- _Task directions_
Set the material down again exactly, line by line, skipping each picture.

- _Data_
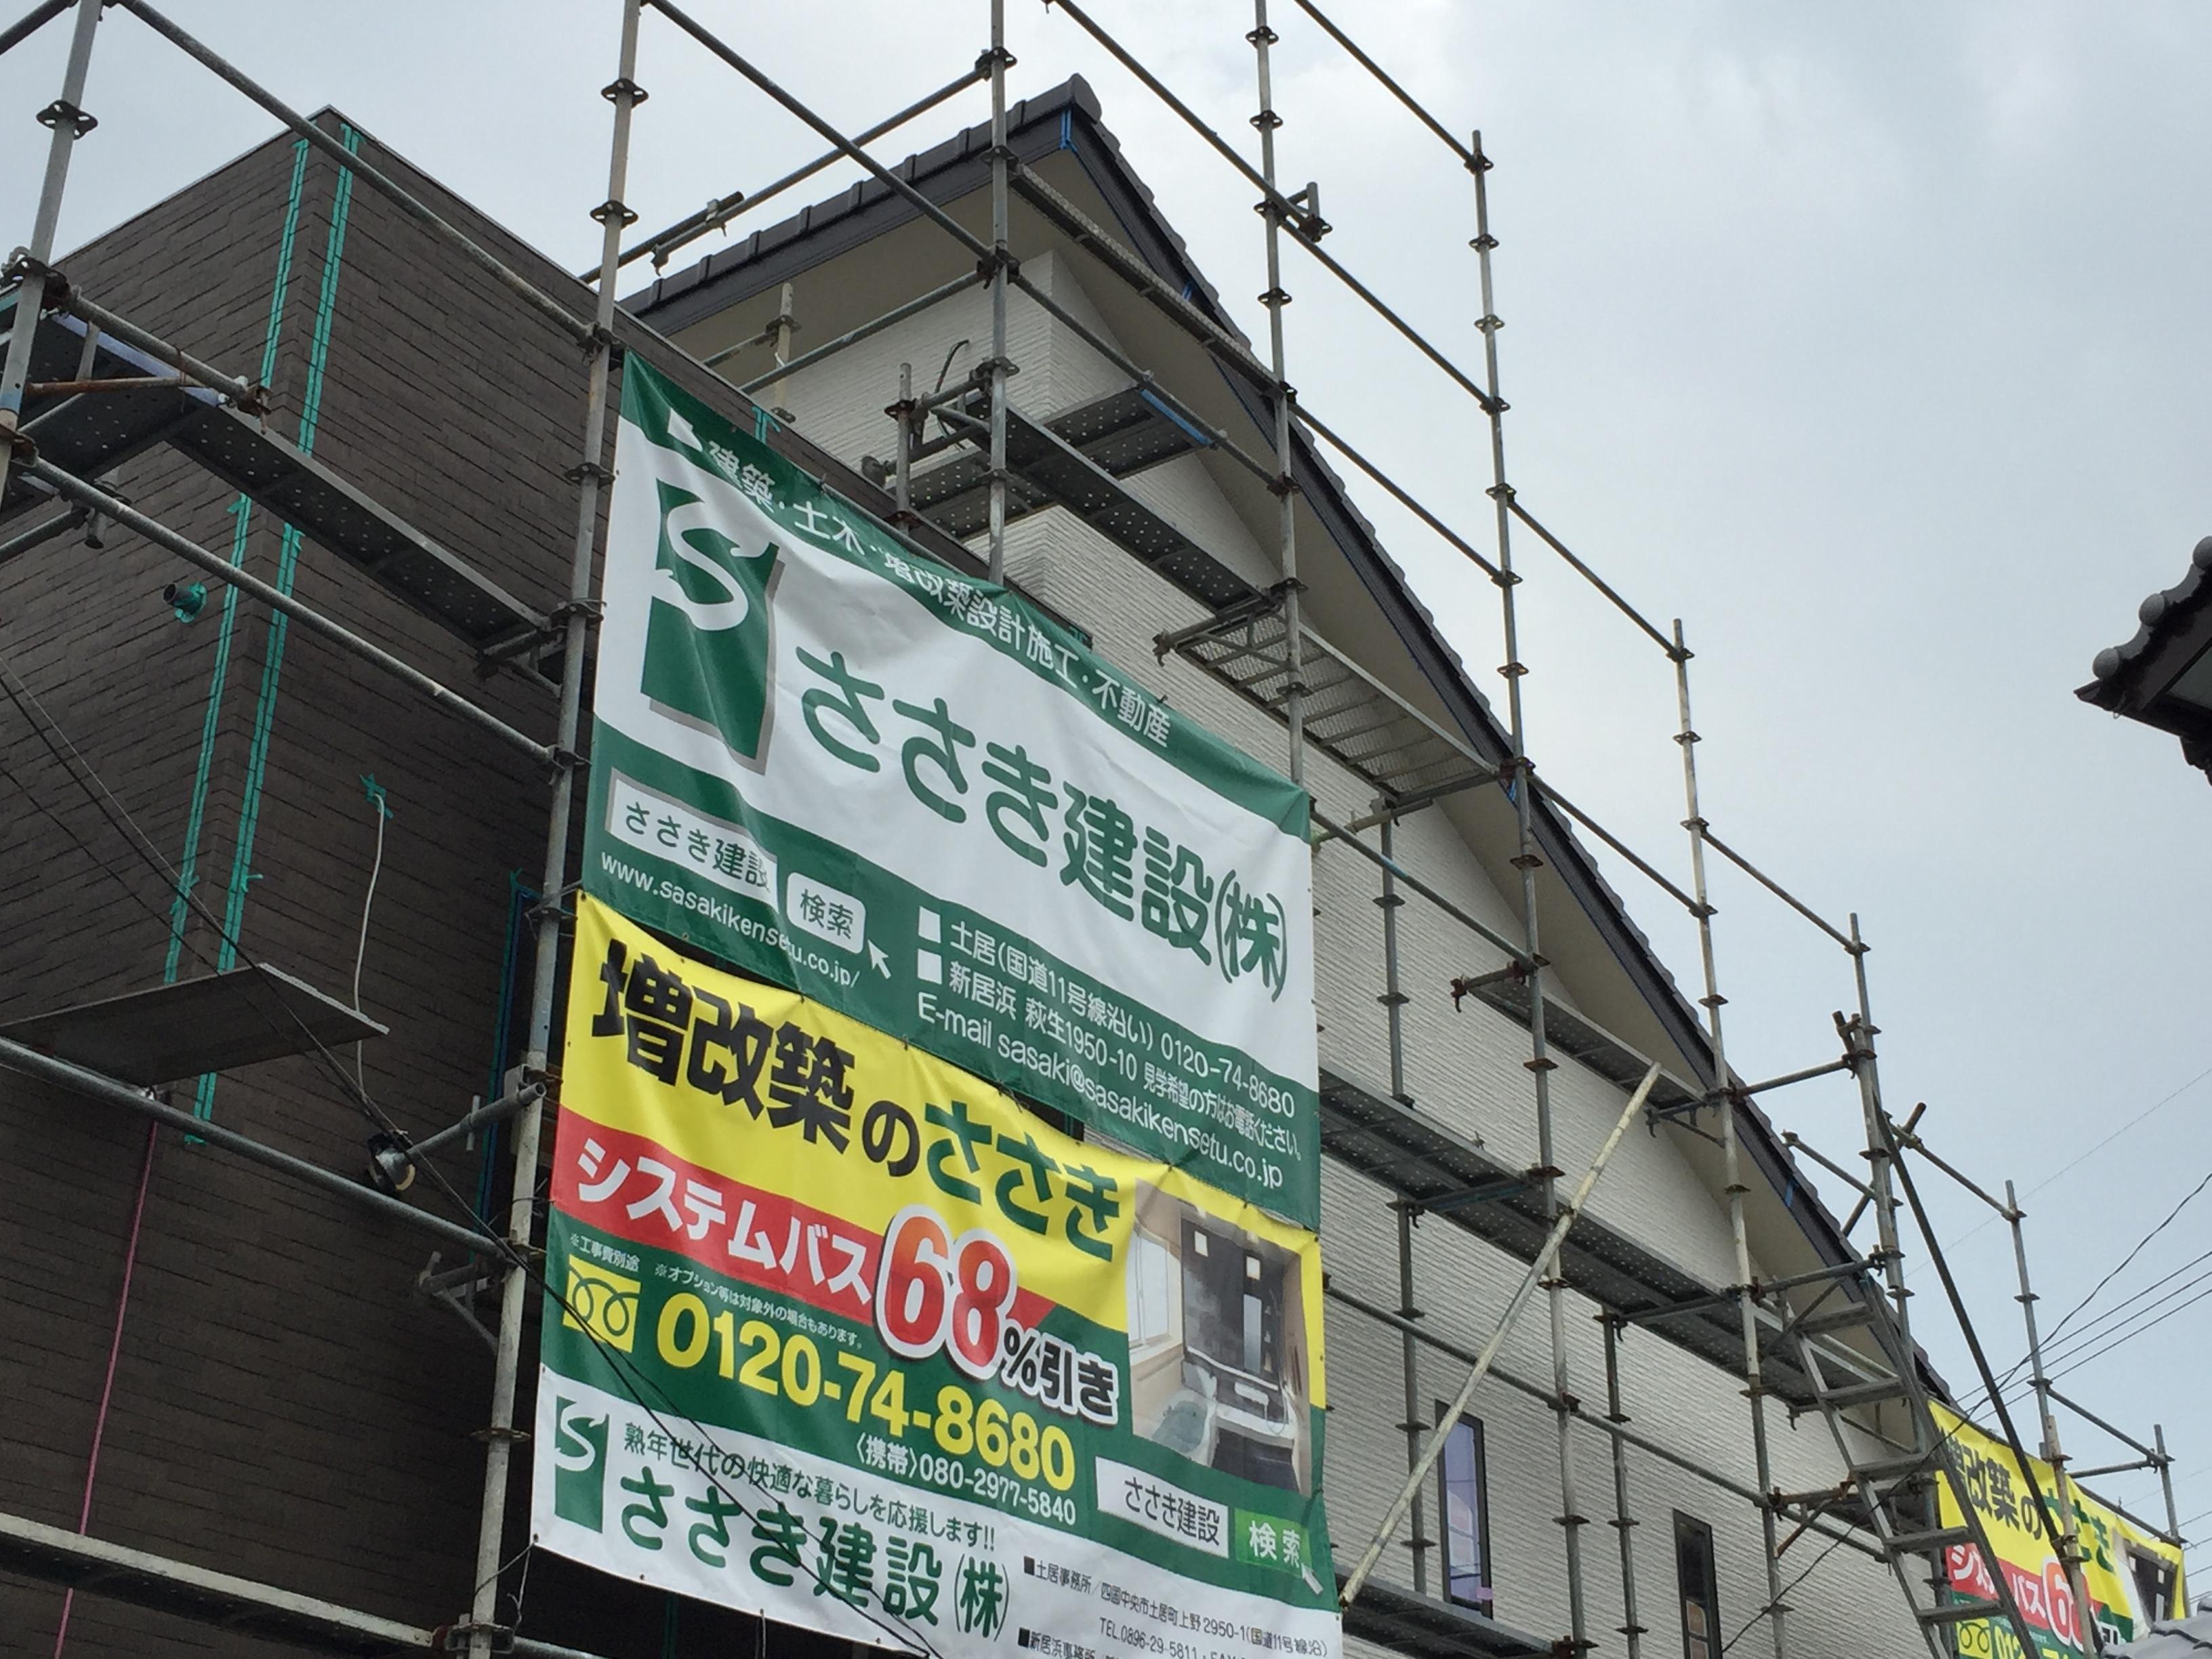 西条市で住宅新築の外観写真
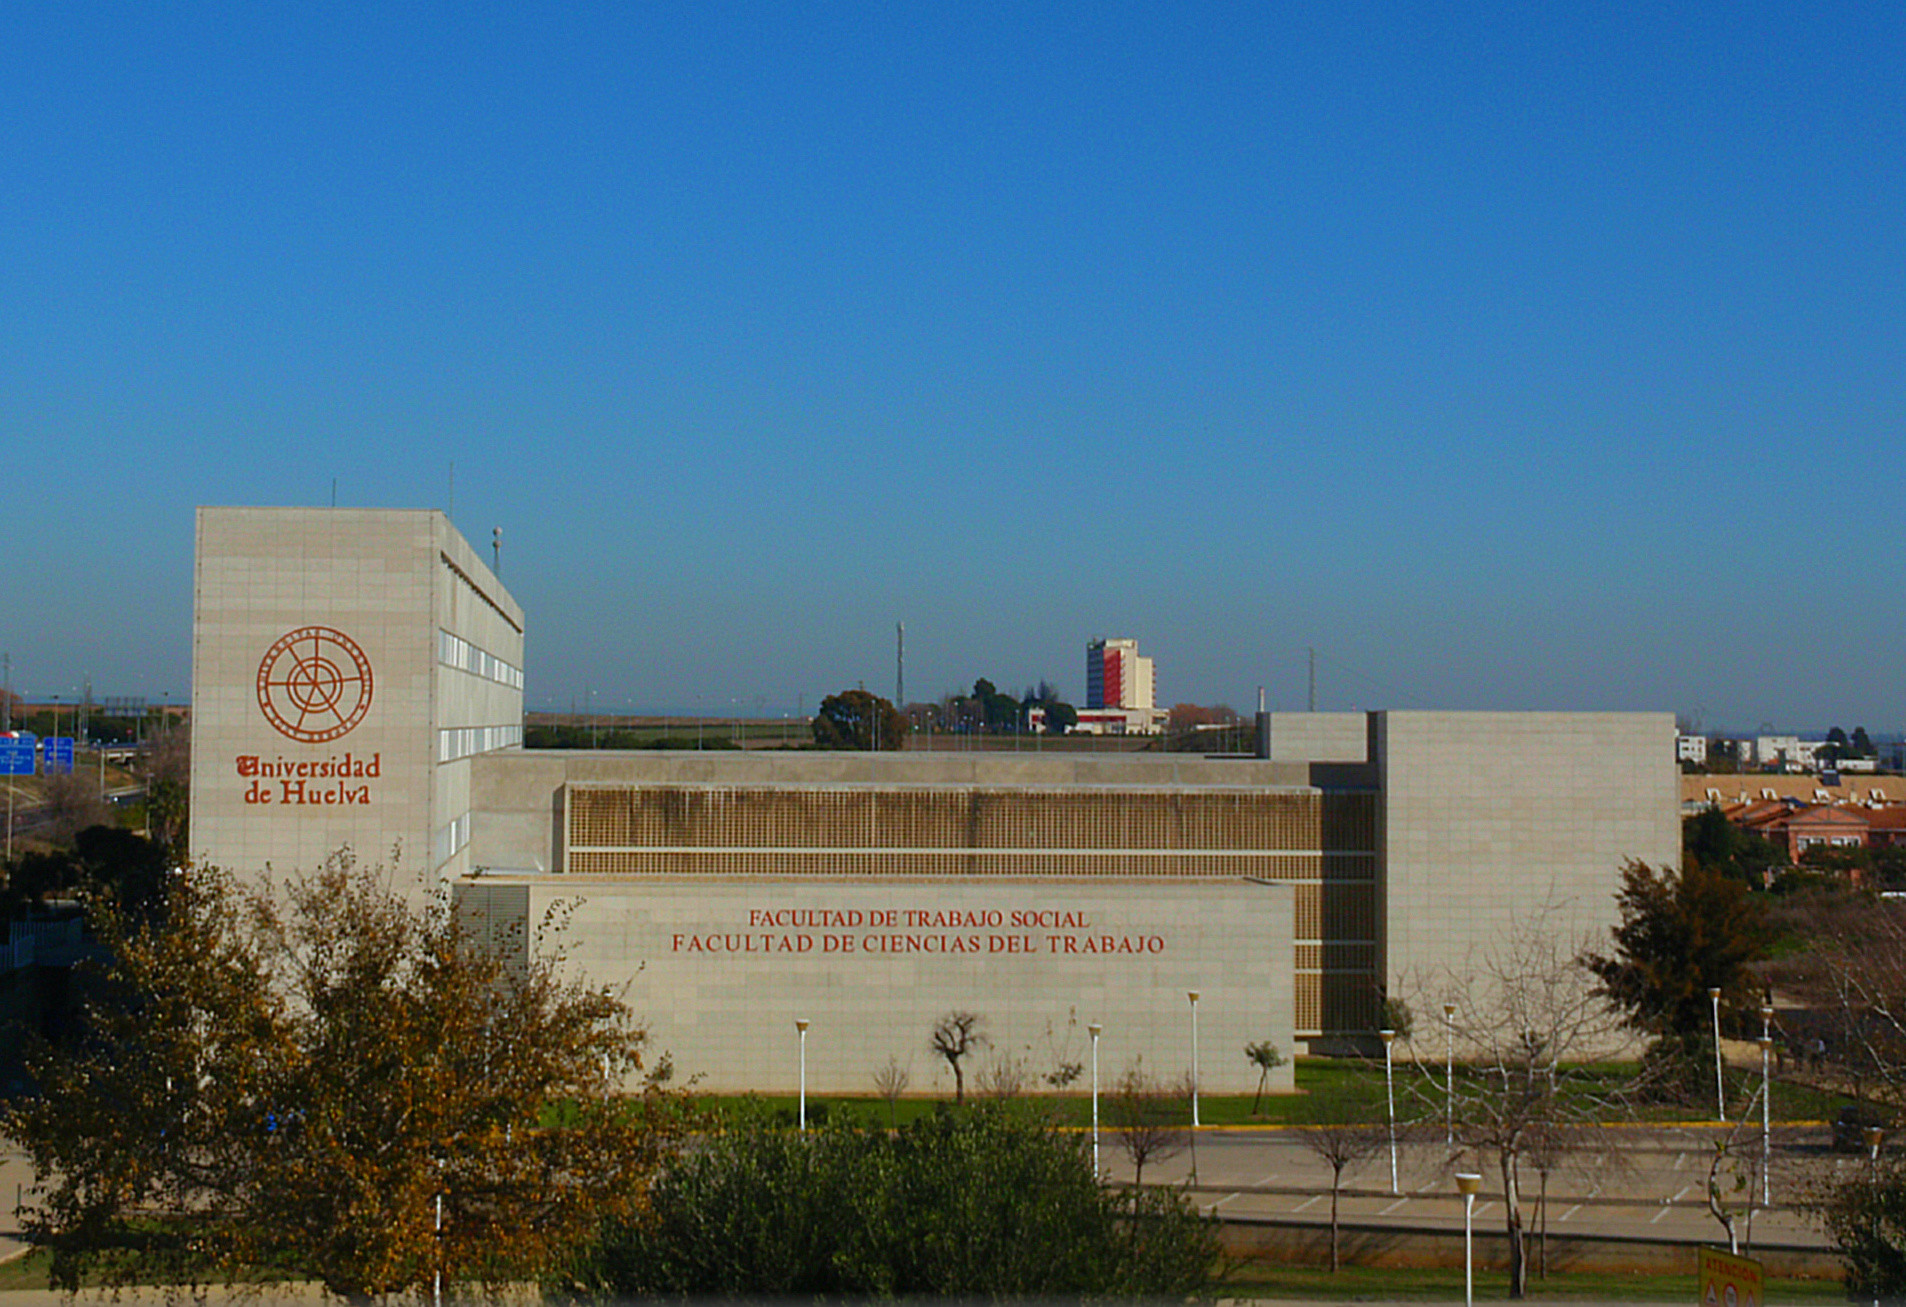 Esperienza all'Università di Huelva, Spagna di Marine
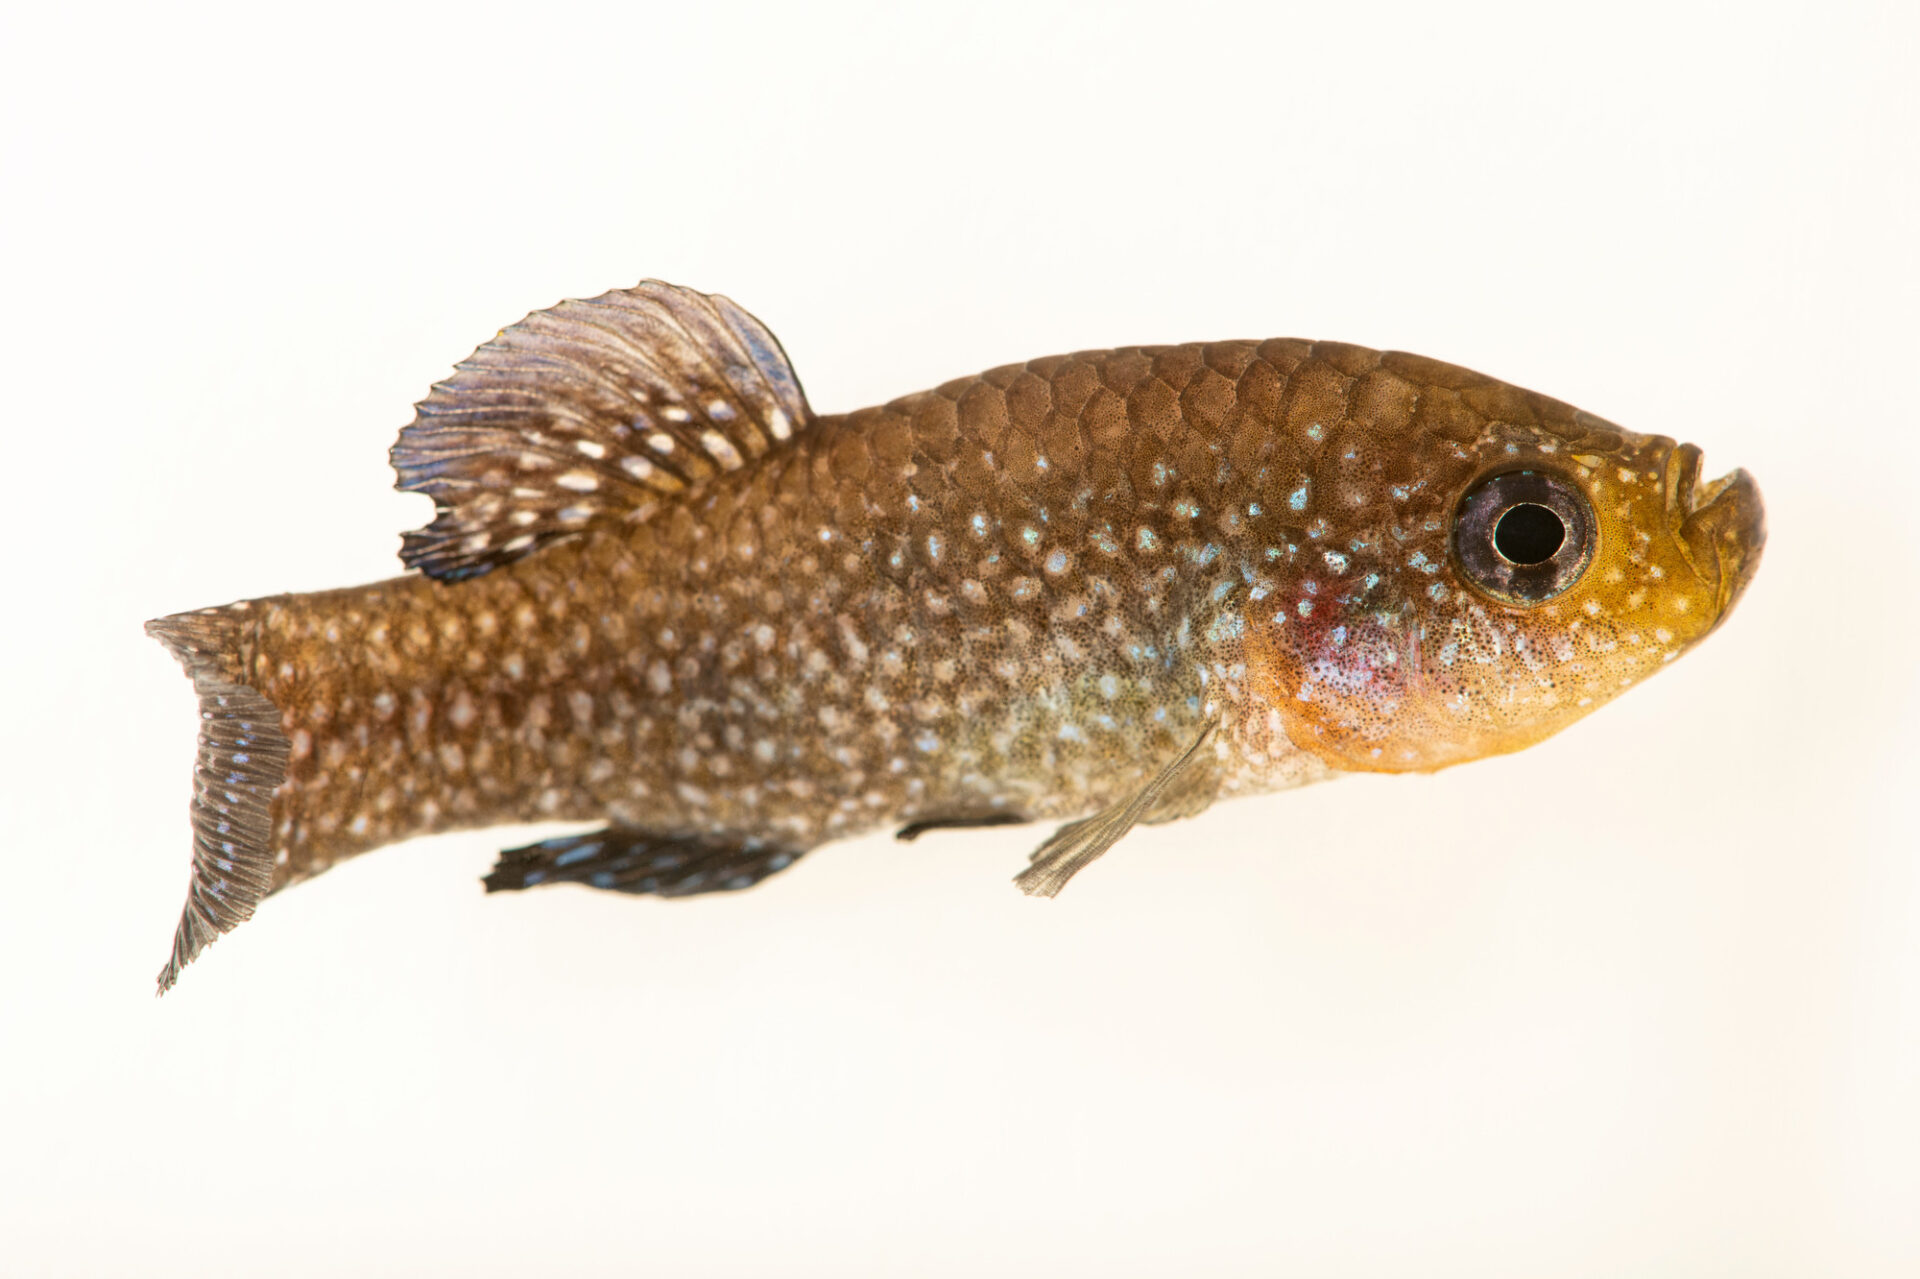 Photo: A pearl-spotted killifish (Aphanius mento) at Aquarium Berlin.

- _Solution_
 西条市で住宅新築の外観写真
 Esperienza all'Università di Huelva, Spagna di Marine
 Photo: A pearl-spotted killifish (Aphanius mento) at Aquarium Berlin.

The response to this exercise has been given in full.